Set down exactly the lines in the records below that run from the line with "Tiffany & Co sterling" to the line with "Measures approx", inclusive, and nothing more.

RECORDS FOR THIS TASK:
== Segment start ==

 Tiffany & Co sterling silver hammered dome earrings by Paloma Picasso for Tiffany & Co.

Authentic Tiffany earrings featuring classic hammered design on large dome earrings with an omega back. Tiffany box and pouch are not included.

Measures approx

== Segment end ==
== Segment start ==

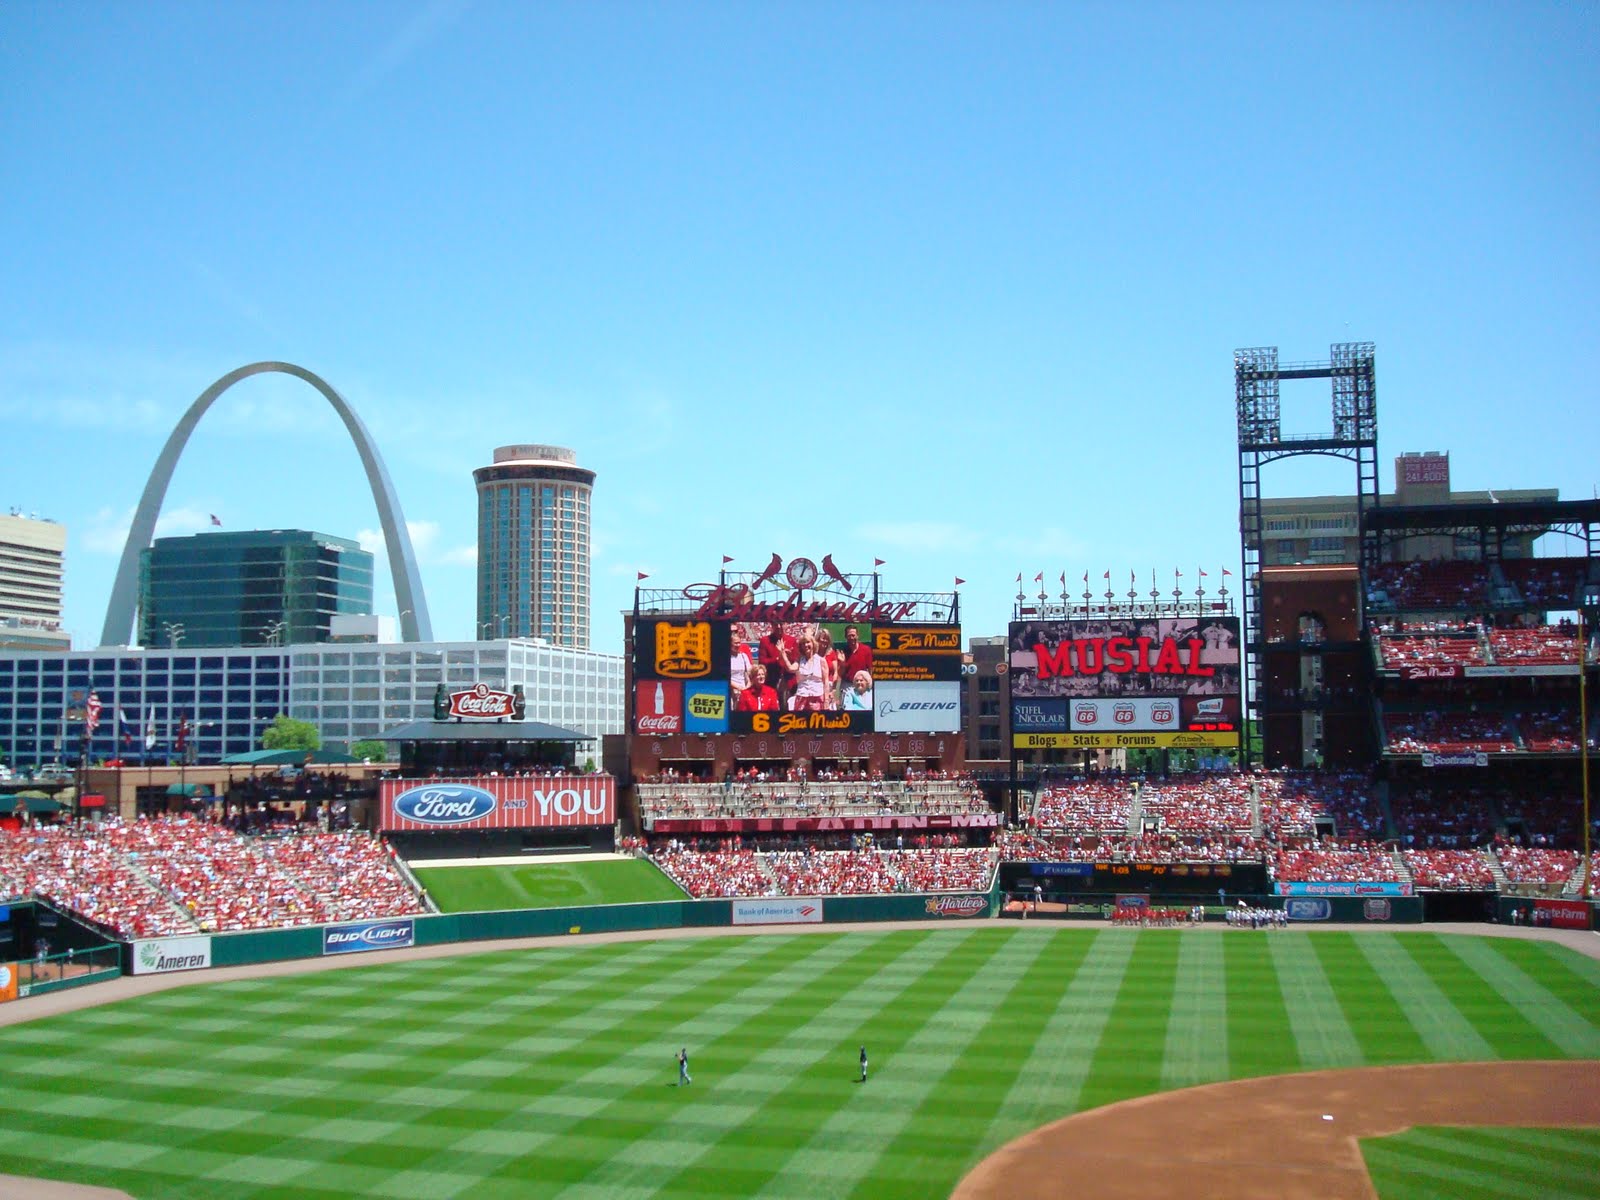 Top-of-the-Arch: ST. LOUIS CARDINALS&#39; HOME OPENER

== Segment end ==
== Segment start ==

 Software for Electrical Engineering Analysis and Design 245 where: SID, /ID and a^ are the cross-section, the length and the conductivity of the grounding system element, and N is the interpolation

== Segment end ==

OUTPUT BELOW:
 Tiffany & Co sterling silver hammered dome earrings by Paloma Picasso for Tiffany & Co.

Authentic Tiffany earrings featuring classic hammered design on large dome earrings with an omega back. Tiffany box and pouch are not included.

Measures approx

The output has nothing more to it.